Como vimos, a nossa zona de estudo encontra-se na transição entre o litoral Atlântico, onde existe um maior volume de informação arqueológica disponível fruto dos diversos estudos regionais que foram realizados sobre a “Proto-História e Romanização” (Almeida, 2003b; Carvalho, 2008; Dinis, 1993; Martins, 1990; Moreira, 2009; Silva, 2007), e a zona de Trás-os-Montes Oriental, para a qual dispomos de um completo trabalho de síntese (Lemos, 1993). Para a região do Alto Tâmega dispomos de alguns trabalhos de síntese, um mais centrado no período Romano (Amaral, 1993) e outro em época Medieval (Teixeira, 1996), embora também tenham em conta o povoamento fortificado da Idade do Ferro, bem como um outro que analisa, ainda que de forma muito genérica, “as mudanças do I milénio a.C. e a resistência do substrato indígena” (Silva, 2010).
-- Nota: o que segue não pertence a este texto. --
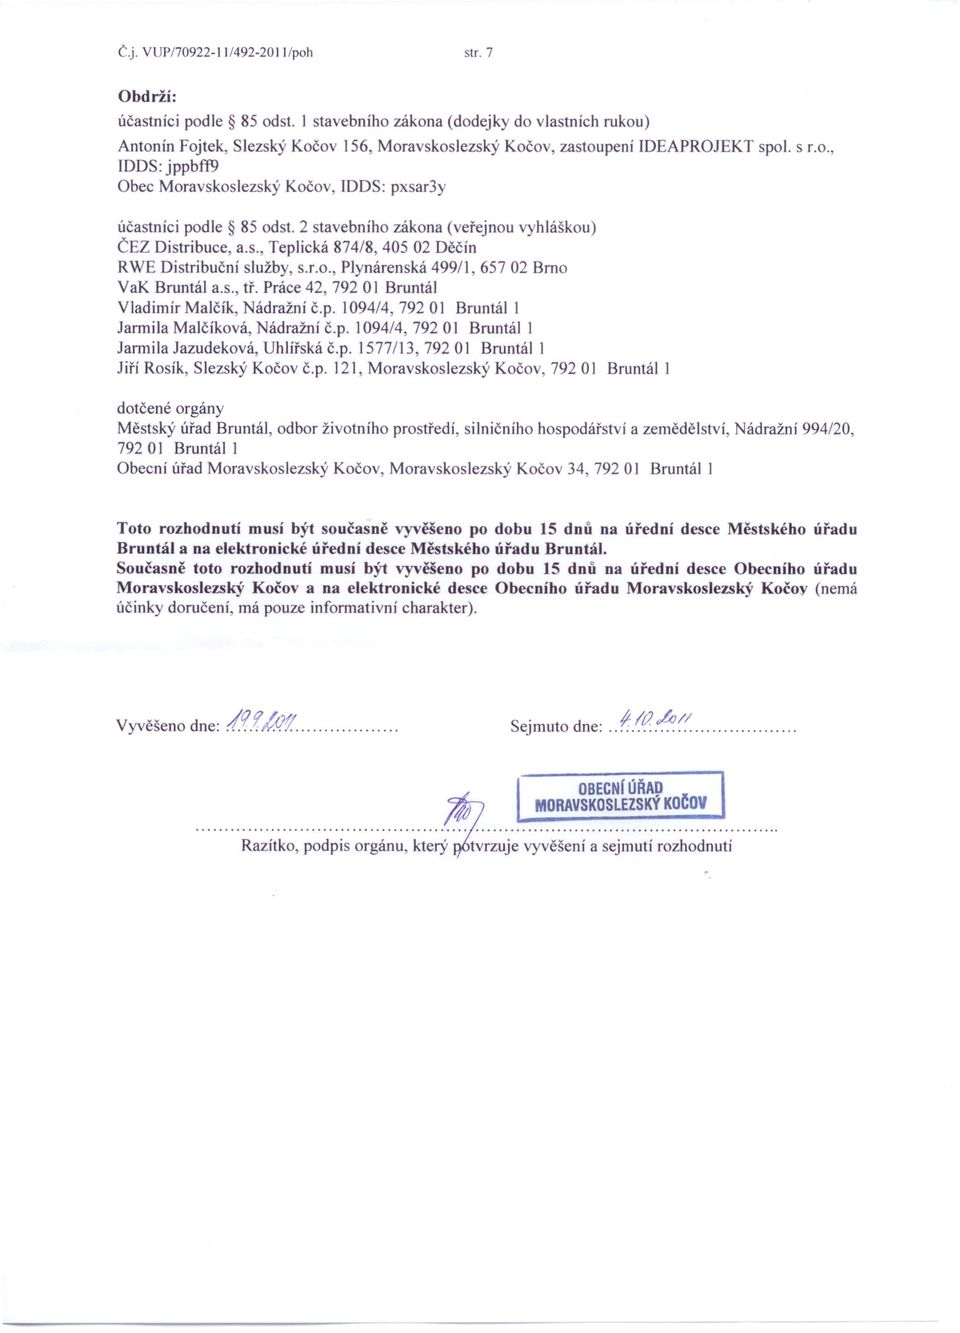 2 stavebního zákona (veřejnou vyhláškou) ČEZ Distribuce, a.s., Teplická 874/8,405 02 Děčín RWE Distribuční služby, s.r.o., Plynárenská 499/1,65702 Brno VaK Bruntál a.s., tř.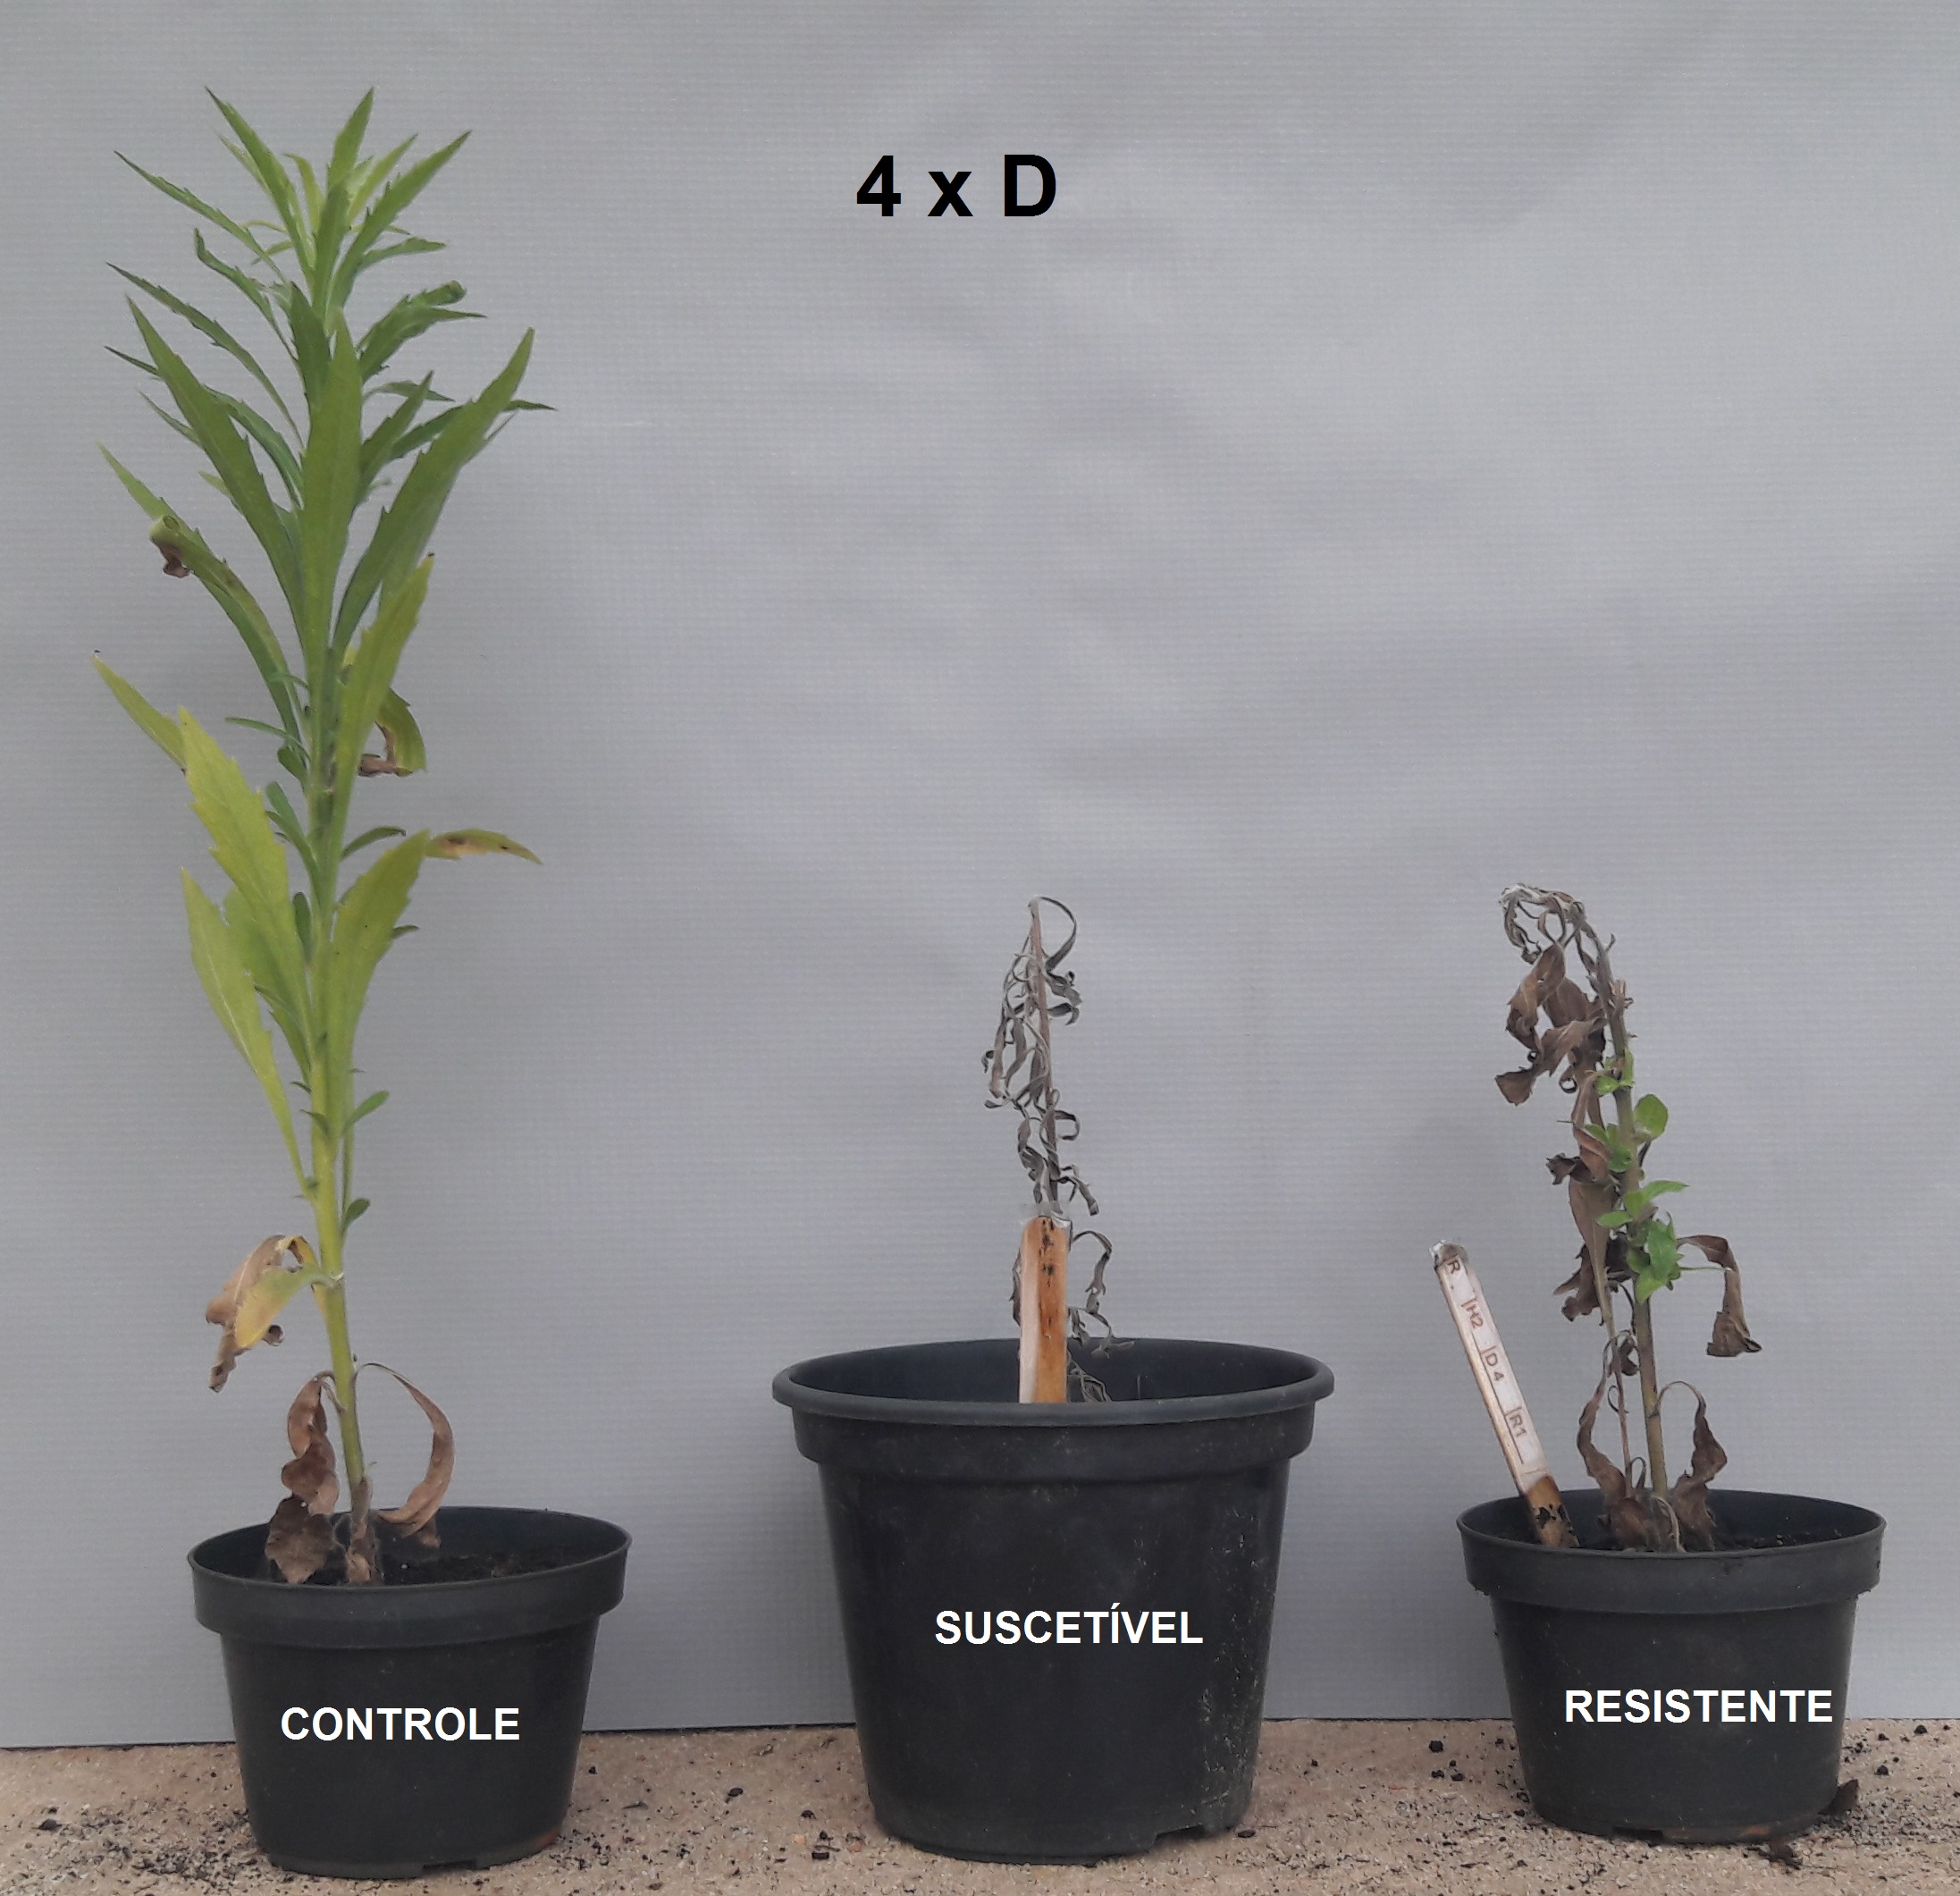 C. sumatrensis sob aplicação de 16 vezes a dose de saflufenacil (280g i.a. ha), aos 28 dias após aplicação e detalhe do rebrote das plantas resistentes

Existe também uma monografia que aborda a problemática da mineração romana e sua inter-relação com a rede viária e o povoamento romano (Martins, 2010c). A zona do Alto Cávado está menos estudada, sendo de destacar apenas alguns estudos parcelares mais recentes (Carvalho, Lemos, & Meireles, 2006; Carvalho, 2006b).

Figura 13: Localização da área de estudo em relação às bacias hidrográficas do Douro e Cávado (©

Atlas Digital do Ambiente, Agência Portuguesa do Ambiente).